Jacob's face was solemn, reminiscent of a similar time, long ago when he'd still had that idealistic spark that had pushed him and so many others to enlist in the first place. Even if for a moment, Shepard could see that spark flare up again. He would follow.

Tali had tilted her head back slightly, her violet eyes telling him what he already knew – that even with her all her doubts and fears, she would follow his lead with absolute trust.

Zaeed was paid to serve under his command and was just as invested in spilling batarian blood as anyone who had seen the atrocities they could commit. He would follow.

Mordin was willing to see the mission from Hackett's perspective. His own mind had been racing, playing back the briefing Shepard had told them about. He understood the risks, but also saw the opportunities and justifications that he'd eventually determined to be sufficient enough to warrant said risks. He would follow.

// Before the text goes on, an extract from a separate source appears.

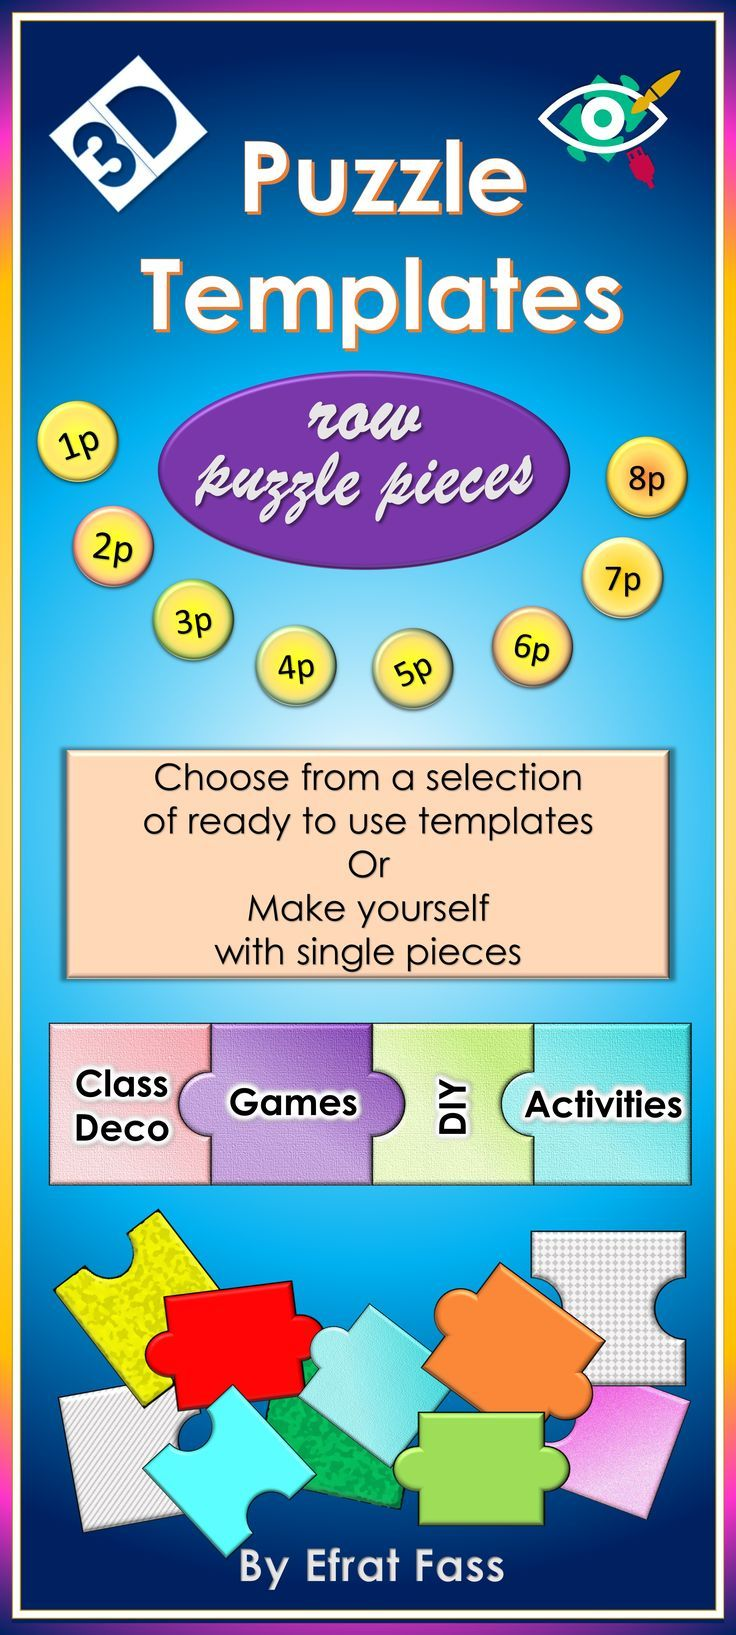 3d row puzzle templates especially for educators. teachers
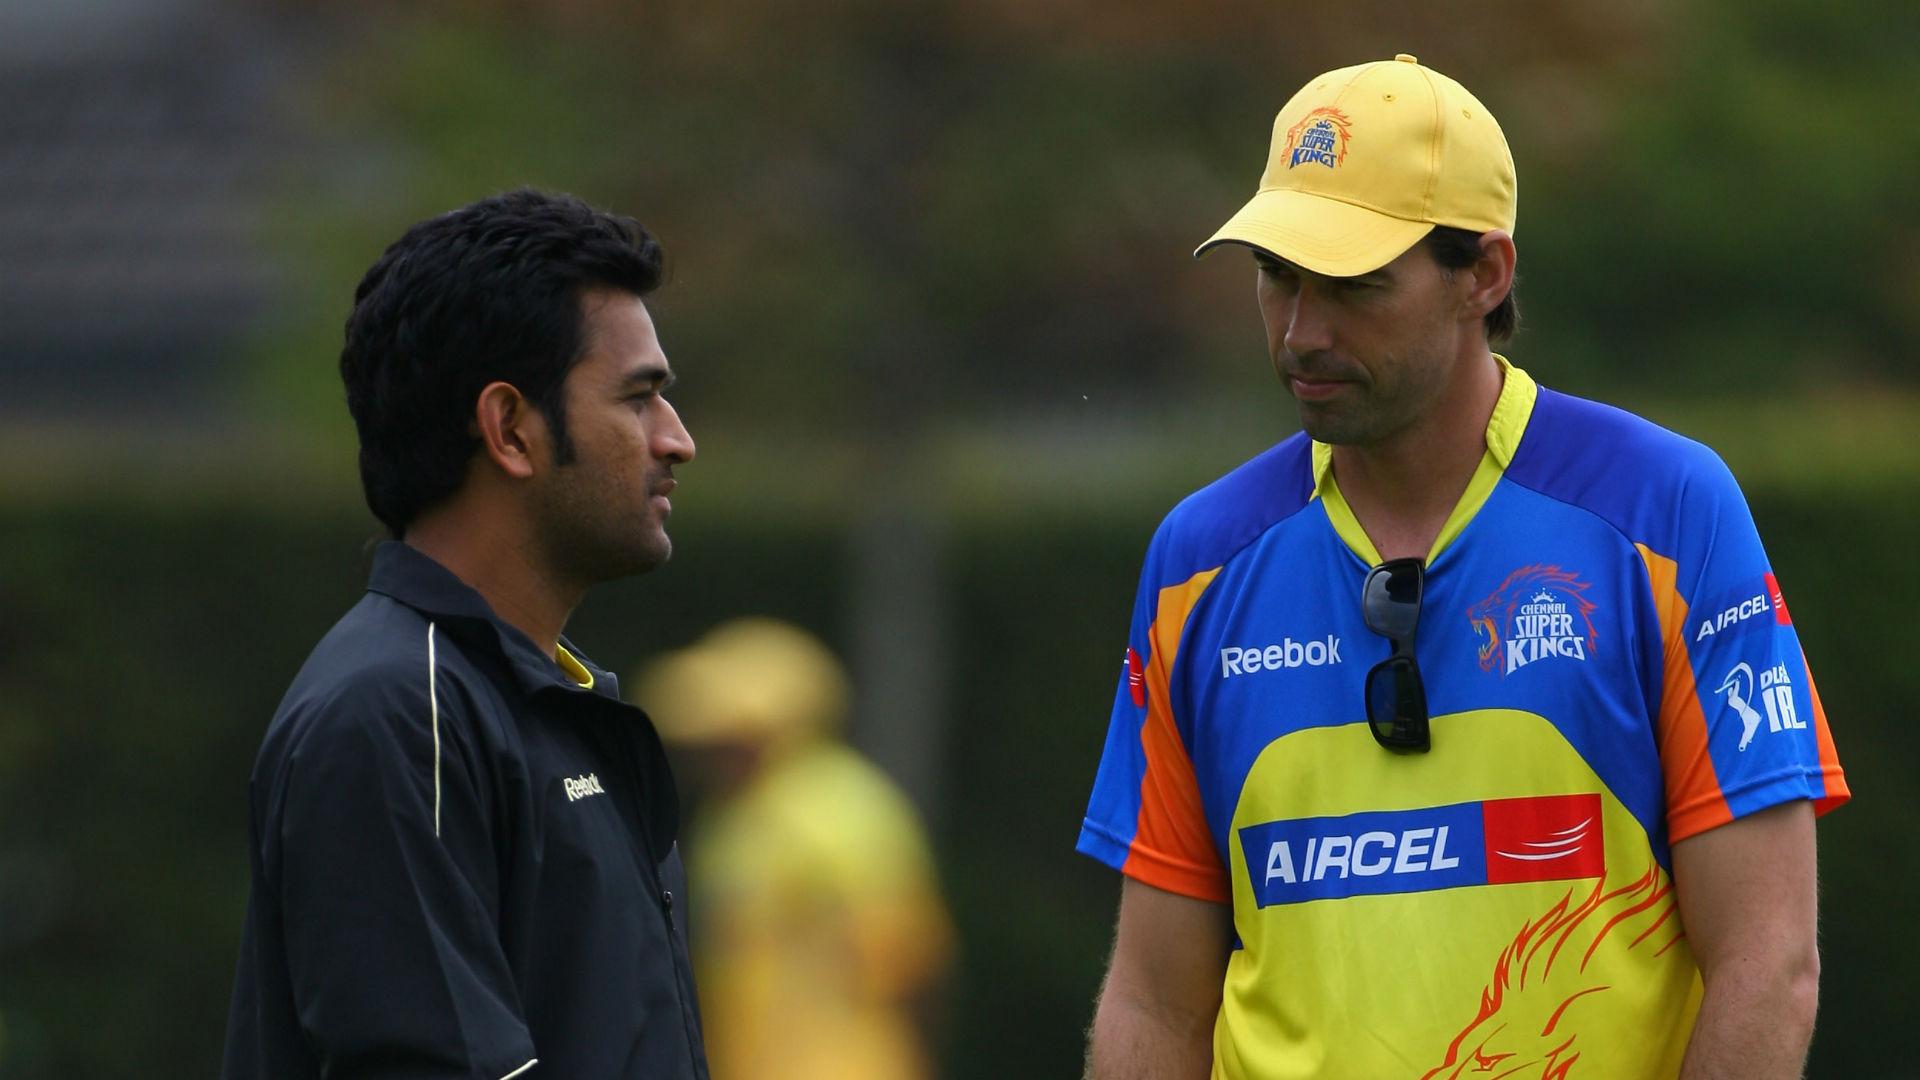 Super Kings calm despite chaotic IPL build-up

Garrus wouldn't need convincing – he was already onboard with Shepard's decision – but he still needed the affirmation. This would be his chance to prove himself worthy of the trust Shepard had placed in him, and the chance to drive the demons that followed him from his time on Omega out of his head and leave him completely focused for the final jump. He would follow.

The others – Jack, Samara, Legion, Grunt and Thane – had all pledged themselves to him through in their own ways and under different circumstances. They would follow.

Then he made sure to look at Miranda specifically. Her skepticism, pragmatic and grounded as always, would be the greatest obstacle to the mission. If he couldn't sway her, it could cause havoc in the GCE's cohesion. He recalled the fight to relocate Orianna from Illium, how he had assisted her in ensuring her sister's safety. How afterwards, she had shown the first true cracks in her demeanour. This was the Miranda he was appealing to. Just as he had faith in Hackett–

"Now, I'm asking you to have faith in me."